I get what @ciaranevans is saying, in the context of End Users submitting recipes.

  1. Write a Recipe, include some config on how to verify the outputs (using methods available in the code)
  2. PR the Recipe
  3. CI/CD Validate the config
  4. Run a sample of the data specified in the above config and verify it's structure and values.
  5. Once step 4 passes, the whole dataset can be processed (this can be triggered automatically or manually)
  6. Run a verification on sample from the output (also using built in methods)

This is all separate from code contributions of functions and classes that become the methods used. All of these should have unit tests that CI/CD runs on commits/PRs to the code repos.
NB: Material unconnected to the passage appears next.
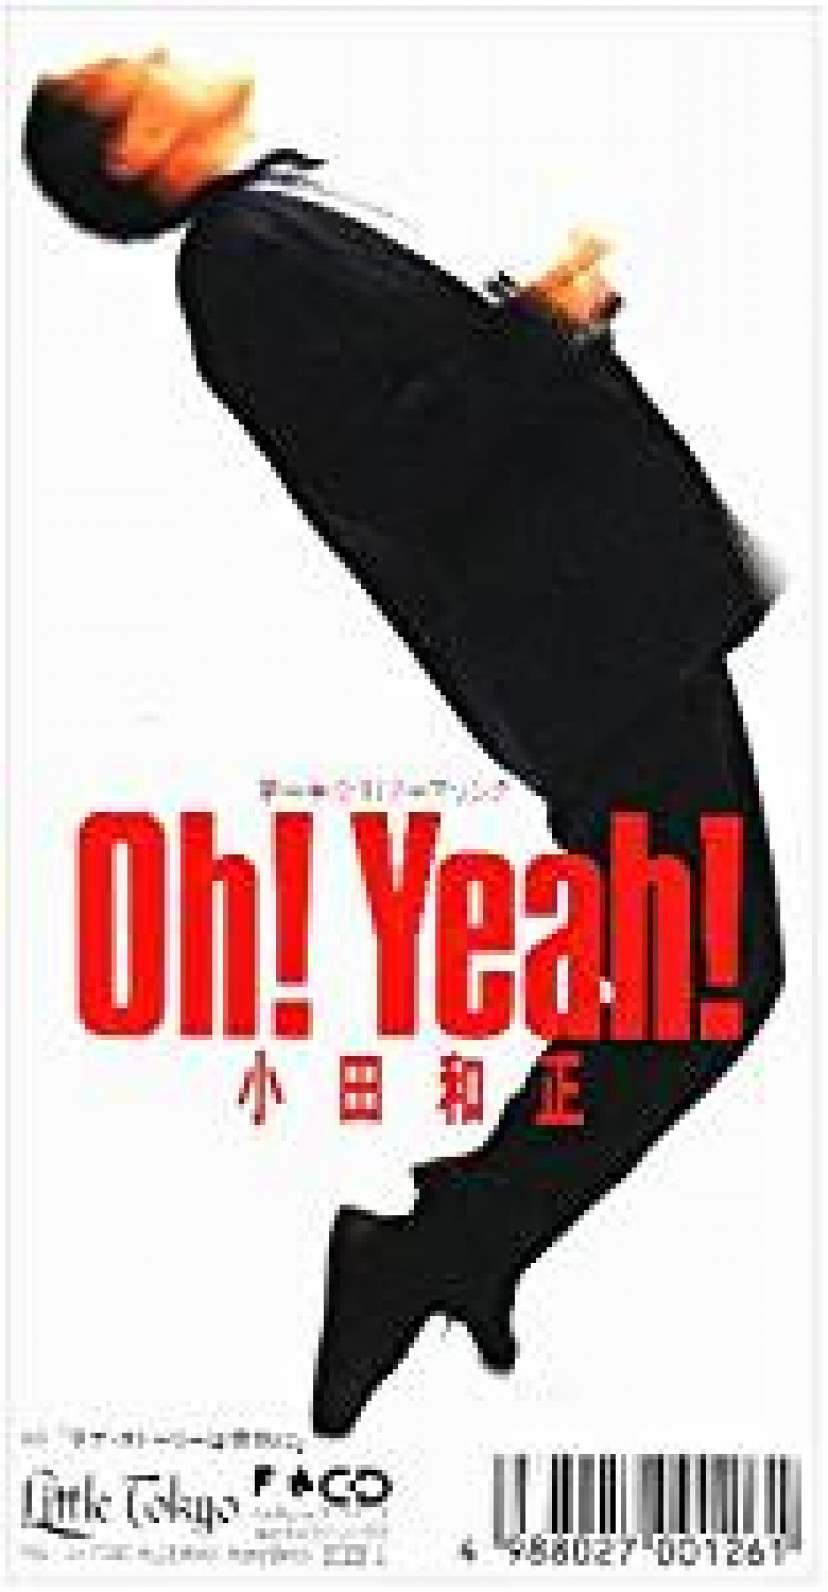 「Oh!Yeah!/ラブ・ストーリーは突然に」 小田和正
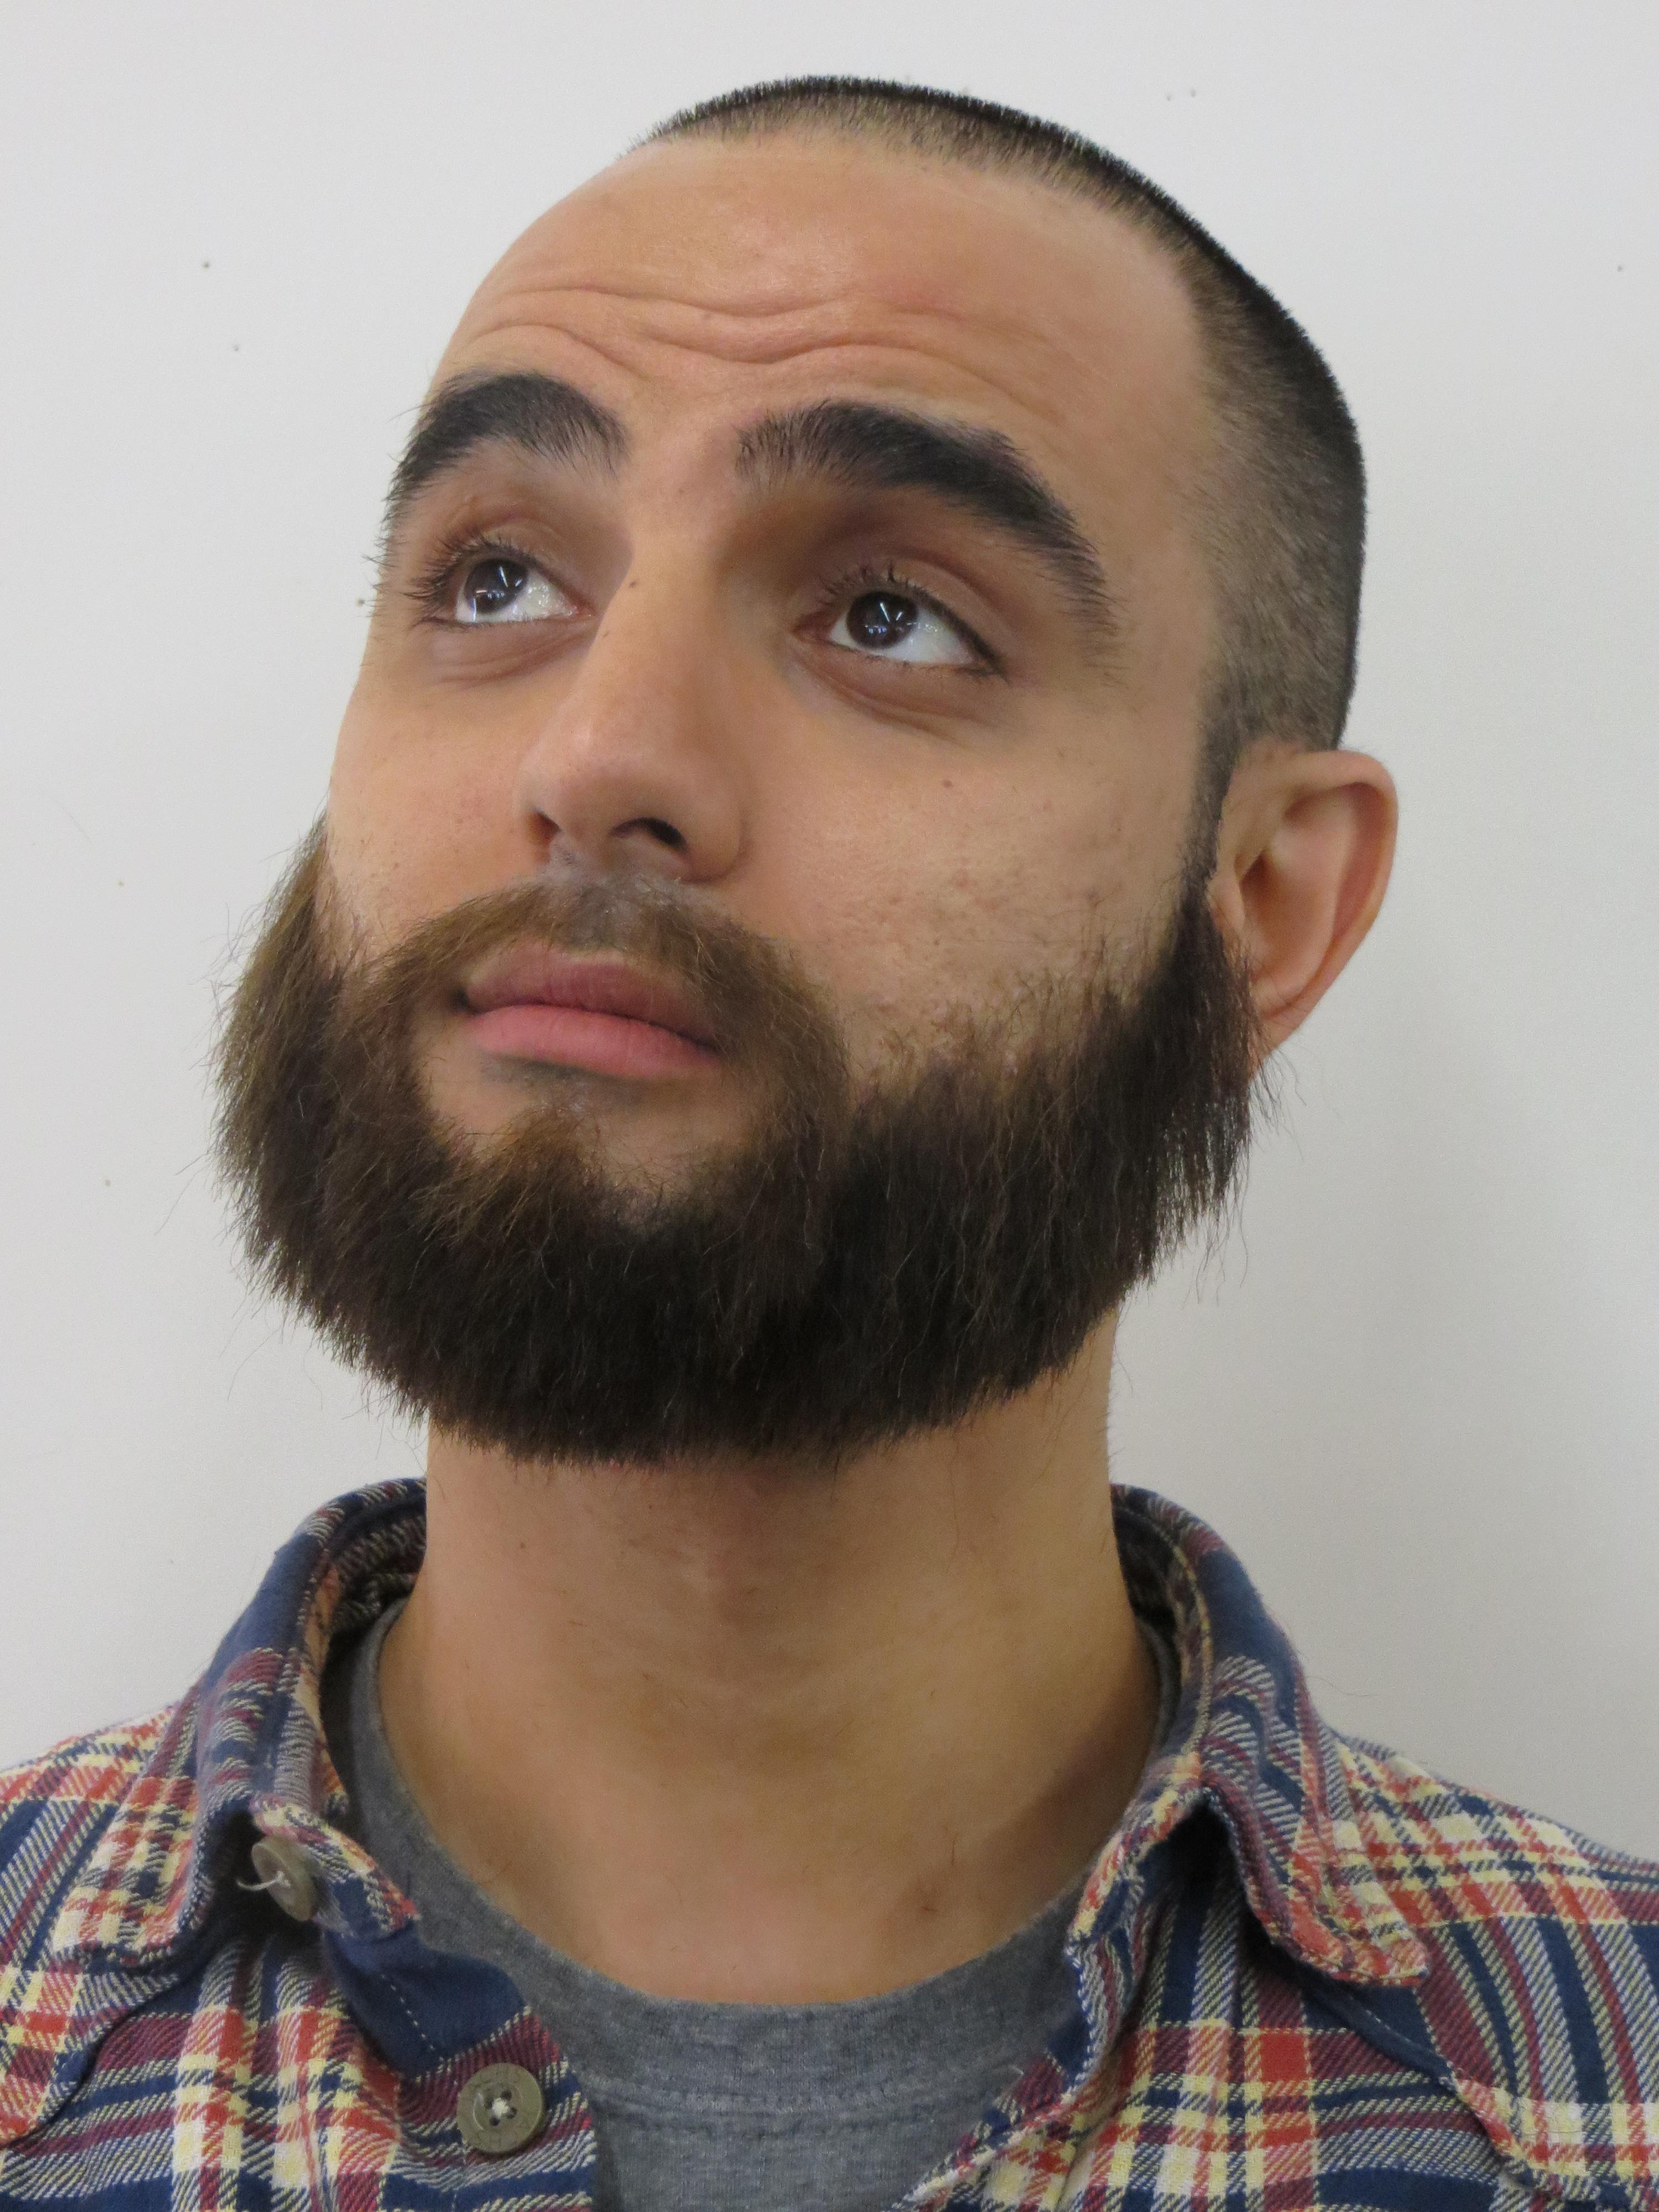 Handlaid Beard

ciaransweet commented 3 years ago

@rabernat with all the above discussions, I think that maybe in the next co-ordination meeting we should try and do a whiteboard session (we've used Miro here at DevSeed before, maybe we could do guest invites then export the resultant whiteboard for documentation) to outline a 'steel thread' through pangeo-forge, the recipes and bakeries.

A example that touches bases on all our high level use-cases, that we can then use as both a way to test and work out our assumptions and to act as a 'golden' example of what's expected.

rabernat commented 3 years ago

A example that touches bases on all our high level use-cases, that we can then use as both a way to test and work out our assumptions and to act as a 'golden' example of what's expected.

I have a certain example in my head that I have been using. I just submitted it as a draft PR in https://github.com/pangeo-forge/staged-recipes/pull/20.

rabernat commented 3 years ago

In 5aa5aca I pushed an update to the roadmap based on this discussion. Sorry for not PR-ing, but I wanted to get an update to coincide with my talk tomorrow at the ECMWF Virtual workshop on Weather and climate in the cloud. We can continue to iterate this after this next coordination meeting.